For the specific task of smoking detection, this study relies on a self-constructed dataset, as public datasets are lacking in this domain. The dataset was assembled from smoking-related images sourced from the Internet through keyword searches and manual screening, as well as key frames extracted from recorded smoking video clips. The combined collection was then meticulously cleaned and screened to remove noise and outliers, with the aid of advanced image and video processing technologies, including deep learning-based image processing. The final dataset comprises a total of 11,629 images, all annotated using Labelimg in the PASCAL VOC format. Prior to training, the annotations were converted into the txt format required by YOLOv8, and the dataset was partitioned into training and validation sets at a 7:3 ratio. The detection task focuses solely on categorizing smoking behavior, labeled as “smoke” within the dataset. The dataset, as depicted in Figure 6, represents a comprehensive and carefully curated resource for the study’s experimental needs.

FIGURE 6

Figure 6. Image of the dataset.

This study was conducted using the PyTorch deep learning framework, with code execution and model training carried out on the Inspur Artificial Intelligence platform server, equipped with an ASPEED Graphics Family (rev 41) graphics card. The system operates on Red Hat 4.8.5–44, utilizing Python 3.8, CUDA 11.3, and PyTorch 1.12.1 tools. Specifically, the model was trained over 500 epochs to ensure comprehensive learning, with a learning rate of 0.01 to balance convergence speed and accuracy. The Stochastic Gradient Descent (SGD) optimizer was employed to efficiently update the model parameters, making it suitable for handling the large-scale dataset.

4.2. Model evaluation

This paper uses precision, recall, Average Precision (AP), and Mean Average Precision (mAP) as model accuracy evaluation indicators. AP represents the area under the Precision-Recall (PR) curve, and mAP represents the average of the AP for each class. TP represents the number of correctly predicted positive samples, which reflects the performance of the model in accurately detecting positive samples. FN represents the number of positive samples that were incorrectly predicted as negative samples, revealing positive samples that the model may have missed. FP represents the number of negative samples that are incorrectly predicted as positive samples, indicating that the model may incorrectly label negative samples as positive samples. The specific formulas are as follows:

P = \frac{T P}{T P + F P} (7)

R = \frac{T P}{T P + F N} (8)

A P = \frac{\sum P}{N u m (o b j e c t s)} (9)

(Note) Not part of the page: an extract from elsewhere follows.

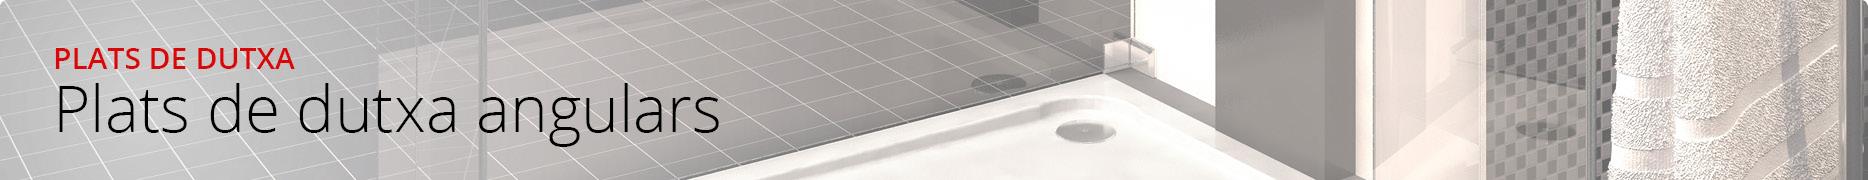 Plats de dutxa angulars
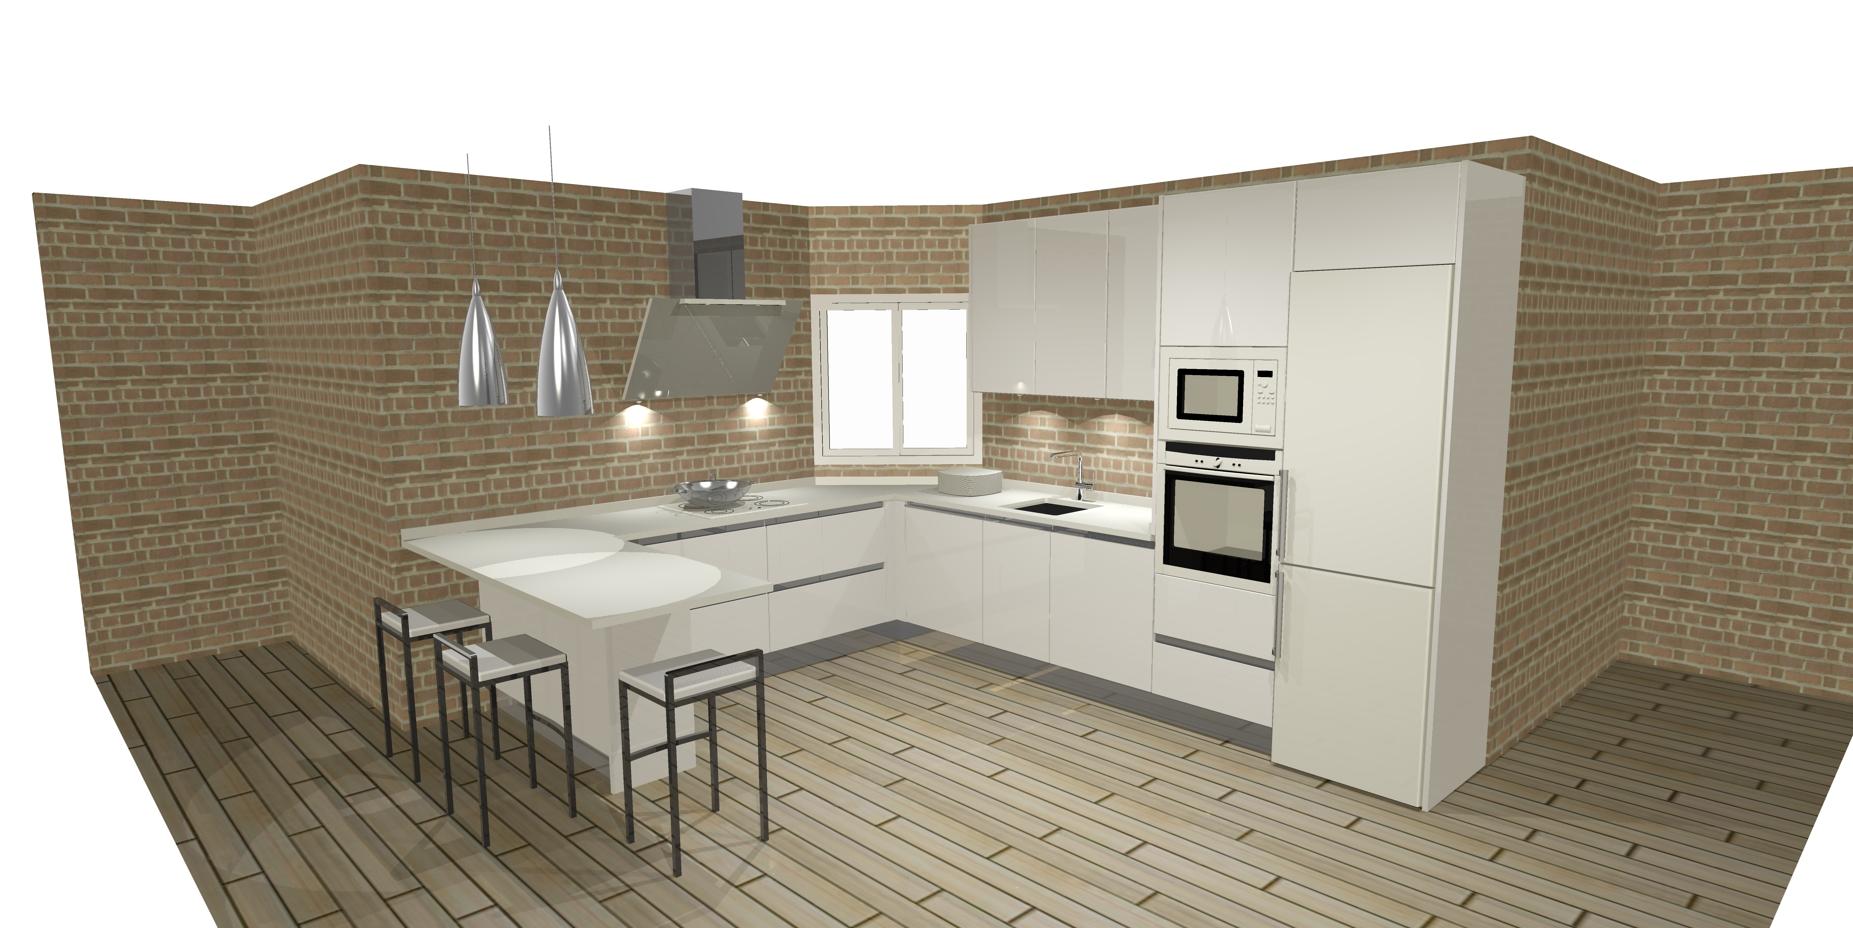 Dise os de cocinas con pen nsula cocinas artnova sevilla for Disenos de cocinas en l

m A P = \frac{\sum A P}{N u m (c l a s s)} (10)

4.3. Experimental results

4.3.1. Experimental comparison of different loss functions

To validate the effects of different loss functions, we used the YOLOv8 model as a baseline and selected CIoU (Zheng et al., 2020), SIoU (Gevorgyan, 2022), EIoU, Wise-IoU (Tong et al., 2023), Focal-EIoU (Zhang et al., 2021), and NWD (Wang J. et al., 2021) for experimental comparison. As shown in Table 1, the mAP@0.5 values for EIoU, Focal_EIoU, CIoU, Wise-IoU, SIoU, and CioU+NWD are 80.965, 81.484, 81.805, 81.883, 81.86, and 82.777, respectively. mAP@0.5 is an important indicator for evaluating the performance of the target detection model, and a higher mAP@0.5 value represents the accurate detection ability of the model for the target object. We can observe that the CioU+NWD loss function performs significantly better than other loss functions in the experiment, obtaining the highest mAP@0.5 value of 82.777. It is particularly worth noting that compared with the original CIoU, the mAP@0.5 value of CioU+NWD is increased by 1.293%. This demonstrates that the introduction of NWD effectively reduces the sensitivity to small object position deviations, and solves the localization problem of small objects while improving training accuracy. Therefore, this further validates the effectiveness of incorporating NWD into the CiOU loss function.

TABLE 1

Table 1. Comparison of different loss functions.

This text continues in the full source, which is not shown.